The computer 7 of FIG. 6 is provided with each component one by one but may be provided with a plurality of the same components. Although one computer 7 is illustrated in FIG. 6, the software may be installed on a plurality of computers, and each of the plurality of computer may execute the same or a different part of the software processing. In this case, it may be in a form of distributed computing where each of the computers communicates with each of the computers through, for example, the network interface 74 to execute the processing. That is, each device (the information processing device or the information processing device which is belonging to the information processing system 1) in the above embodiments may be configured as a system where one or more computers execute the instructions stored in one or more storages to enable functions. Each device may be configured such that the information transmitted from a terminal is processed by one or more computers provided on a cloud and results of the processing are transmitted to the terminal.

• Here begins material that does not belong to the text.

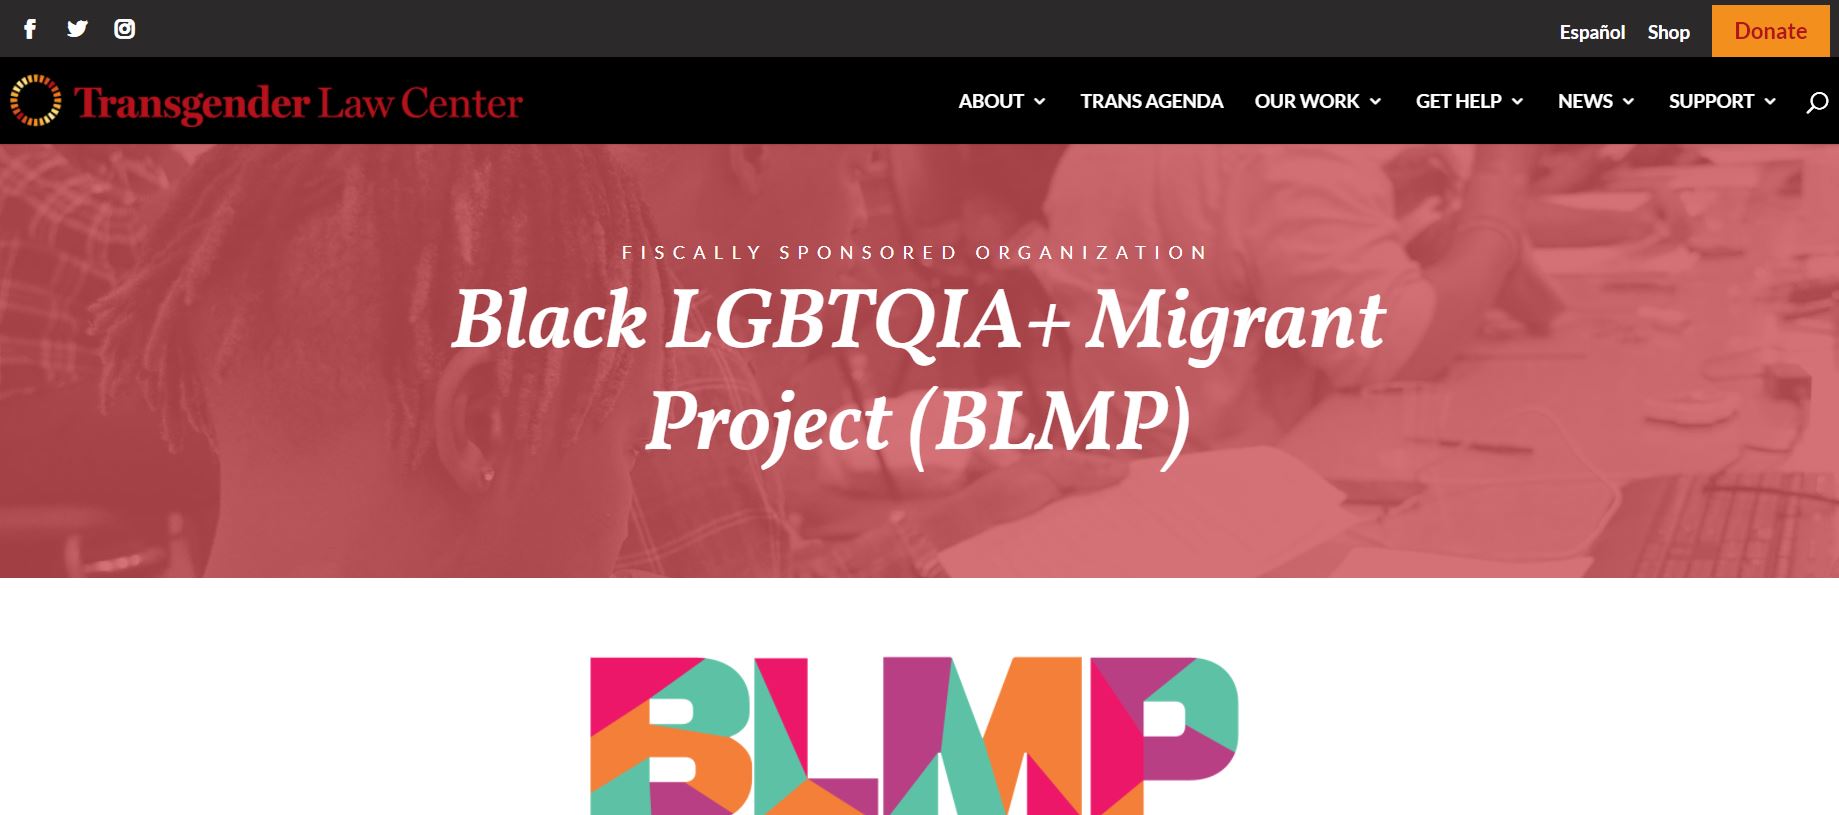 BLMP (Black LGBTQ+ Migrant Project)

Various arithmetic operations of each device (the information processing device or the information processing device which is belonging to the information processing system 1) in the above embodiments may be executed in parallel processing using one or more processors or using a plurality of computers over a network. The various arithmetic operations may be allocated to a plurality of arithmetic cores in the processor and executed in parallel processing. Some or all the processes, means, or the like of the present disclosure may be implemented by at least one of the processors or the storage devices provided on a cloud that can communicate with the computer 7 via a network. Thus, each device in the above embodiments may be in a form of parallel computing by one or more computers.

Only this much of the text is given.